Queridas personas:
Hace unos meses me caí. Fue una caída muy de señora que se sube a un taburete para llegar a la parte de arriba de un armario. No os subáis a taburetes, por favor, todo el mundo sabe que tienen una pésima estabilidad.
Recuerdo la caída como si fuera ayer. Como si fuera hace cinco minutos. Por suerte no me hice nada, al menos de manera física. De manera figurada, me dividí por completo, me partí en dos.
Me gustaría entender los procesos químicos que tuvieron lugar en mi cerebro durante el segundo (¿menos?) que estuve en el aire. No sé si fue una descarga brutal de adrenalina lo que alteró mi estado de consciencia pero la sensación de ruptura fue absoluta: mi mente estaba fija en algún punto lejos de mi cuerpo asistiendo impasible a la caída, esperando a notar el impacto contra el suelo. Mientras, mis piernas y brazos se movían automáticamente en un vano intento de recuperar el equilibrio.
No puedo reconstruir con detalle cómo me caí, porque en ese punto y hasta un rato después, mi mente y mi cuerpo no volvieron a fusionarse. Ya en el suelo, estuve durante unos segundos oyéndome gemir (no me rompí nada pero me hice mucho daño), mientras una parte de mi consciencia, ajena por completo al dolor, hacía un repaso del estado de piernas, brazos y cabeza. En unas horas debía coger un vuelo, y una lesión habría supuesto un inconveniente grave.

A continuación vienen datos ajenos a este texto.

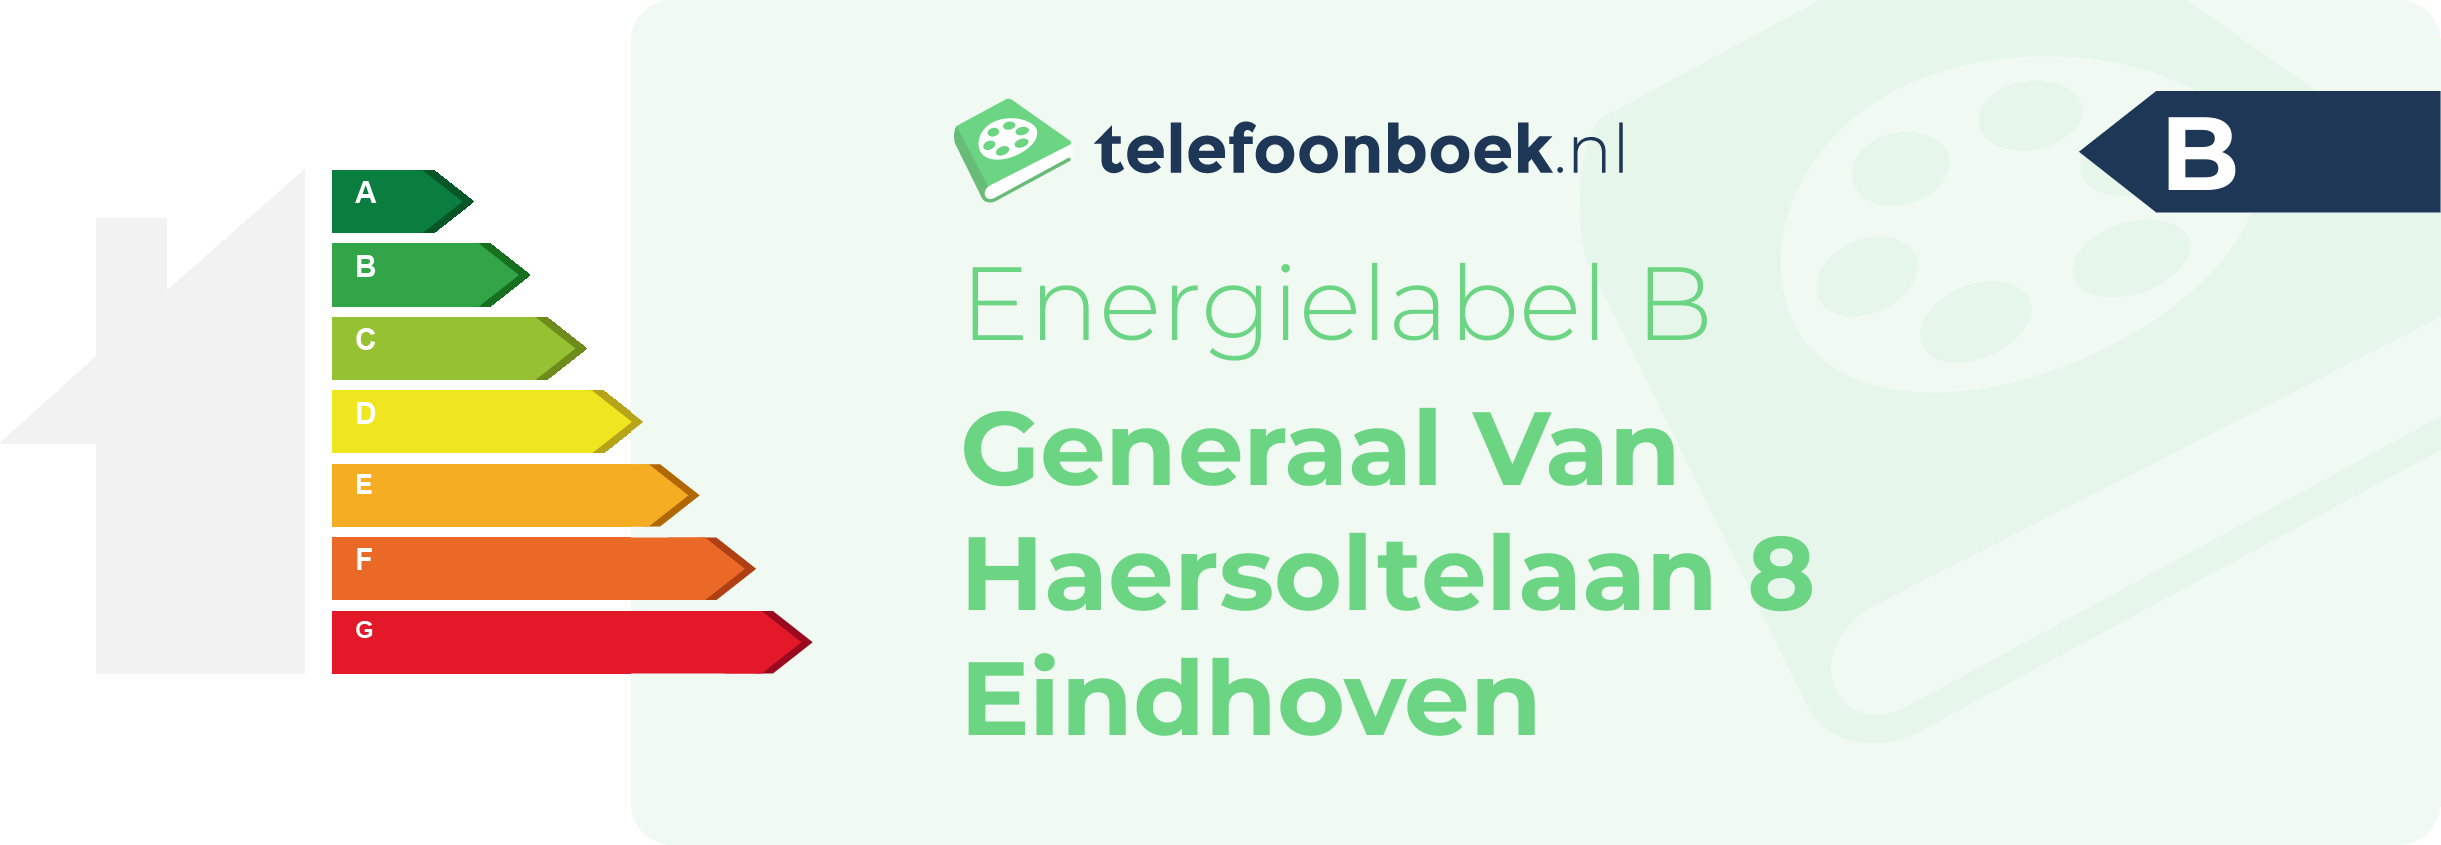 Energielabel Generaal Van Haersoltelaan 8 Eindhoven

Los griegos tenían dos conceptos de tiempo. Cronos, que es el tiempo de los relojes y los calendarios, el tiempo que puede medirse, y Kairós, que se traduce también como la oportunidad o el instante adecuado. Es el tiempo desde un punto vista cualitativo. A mí esto de los momentos transcendentes me suena muy heroico, muy de hombres que hacen cosas y toman decisiones importantes. Yo tengo una idea del universo más determinista. Creo que nada habría podido impedir que me cayera aquella mañana. Somos bolitas de pinball en el universo siguiendo la trayectoria que nos marcan los eventos previos. Si uno tiene el buen juicio de no subirse a un taburete o los reflejos para evitar un descalabro es porque otras acciones del pasado han dado lugar a ello.
Aun así estoy de acuerdo con esta idea de dos flujos de tiempo paralelos: el que marcan los relojes y el que se percibe. Mi cuerpo es arrastrado por la corriente del primero, pero mi consciencia habita en el segundo y solo despierta de verdad a veces. Son momentos que se graban a fuego en la memoria. De muchos me gustaría no acordarme y otros son cosas que quiero recordar siempre: las copas de los árboles agitadas por el viento, mi sobrino trotando por el parque, tirando de mi mano y gritando entre risas, las curvas de una carretera con la persona perfecta al lado, entrar en un bar y ver una mesa llena de gente querida. Mi consciencia despierta de repente en estos momentos, como si fuera una espectadora de mi vida y sorprendida por la belleza de la escena trata sin éxito de pausarla. Guarda lo que puede en la memoria y vive así, como una flecha, atravesada en el tiempo normal, compuesta de momentos escogidos, ensartados en un flujo paralelo, más corto, pero mucho más intenso.
En la infancia, esos instantes de hiperconsciencia son frecuentes: todo es nuevo y hay que estar alerta. Lo más insospechado nos deleita o nos causa trauma. Sin embargo, con el paso de los años, la consciencia se acomoda en la rutina del cuerpo y se adormece. El tiempo normal pasa a una velocidad de vértigo. Y no es que yo quiera pararlo. Luchar contra el reloj es una batalla perdida. Pero sí quiero estar más despierta, arrancarle al tiempo normal esos momentos perfectos, estirarlos y vivir suspendida en ellos.